Steph's 'Adieu' is a good one too - another crossover but in this case you hear high German people say it , not just Swiss. It is common to say Adieu to other people in a railway carriage when you alight, even if you haven't spoken to any of them.

Steph
Steph
1918 posts
top member &
moderator
Sep 3, 2019 - 9:00 AM in reply to 1960man

Hi everyone,

Now here we get to the fact that Swiss German has NO spelling, so "vielmal" is the correct spelling, however the "e" is silent, resp. streches the I sound, so vilmals could be Swiss spelling,if it existed! :)

Uf widerluege is for sure a good way to say goodbye!

And the "Liebe Grüsse" of my former page was for sure written German, well spotted!

I'm here to provide further input.

Uf widerluege mitenand (together)

Steph :)

none
none
15 posts
new member
Sep 3, 2019 - 4:27 PM in reply to 1960man

I checked for the spelling. It is uf Widerluege.. Also is "merci" pronounced with the rolling r as they pronounce it in French or Mercy as pronounced in English? Thanks for your help.

Steph
Steph
1918 posts
top member &
moderator
Sep 3, 2019 - 6:11 PM in reply to none

With the rolled R, and again, Swiss German has no official spelling, it's a fact!

Enjoy emerging yourself into the varieties of language.

Best,
Steph

Slowpoke
Slowpoke
6776 posts
expert
Sep 4, 2019 - 1:48 AM in reply to none

"did think it was a little odd when I saw that their "thank you" was merci vilmal. Is merci enough? What does the vilmal mean?"

There are a lot of ways to say thank you. Any one that you choose will be appreciated. If you use "merci" alone, you will prefer the French pronunciation.

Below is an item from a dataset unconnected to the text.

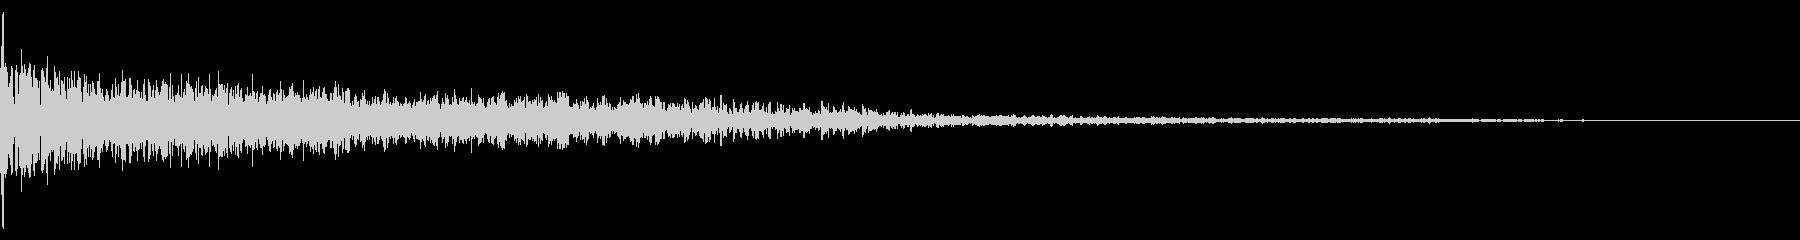 ホラー系アタック音13の未再生の波形

If you are very fussy, and the Swiss person you are talking to is traditionalist, you will find that the Swiss say the eclectic "Merci vielmal" ( not a German "r" in that, pretty much an English or American "r"), and you may well be corrected if you say the correct German "vielmals" (many times). The Swiss distinguish them selves by using "vielmal" or "vilmal."

A Swiss person hearing your American accent may be a bit surprised that you know "merci vielmal" and perhaps comment with a grin that you know a little Swiss German. Auf Deutsch- "ein bisschen." Swiss German..."es bitzeli."

Slowpoke

andrew
andrew
98 posts
active member
Sep 8, 2019 - 6:28 PM

More than anything else, I've many times heard 'merci' pronounced as 'messy'!

I love the mixtures of French and German, for example, "Alle billet bitte".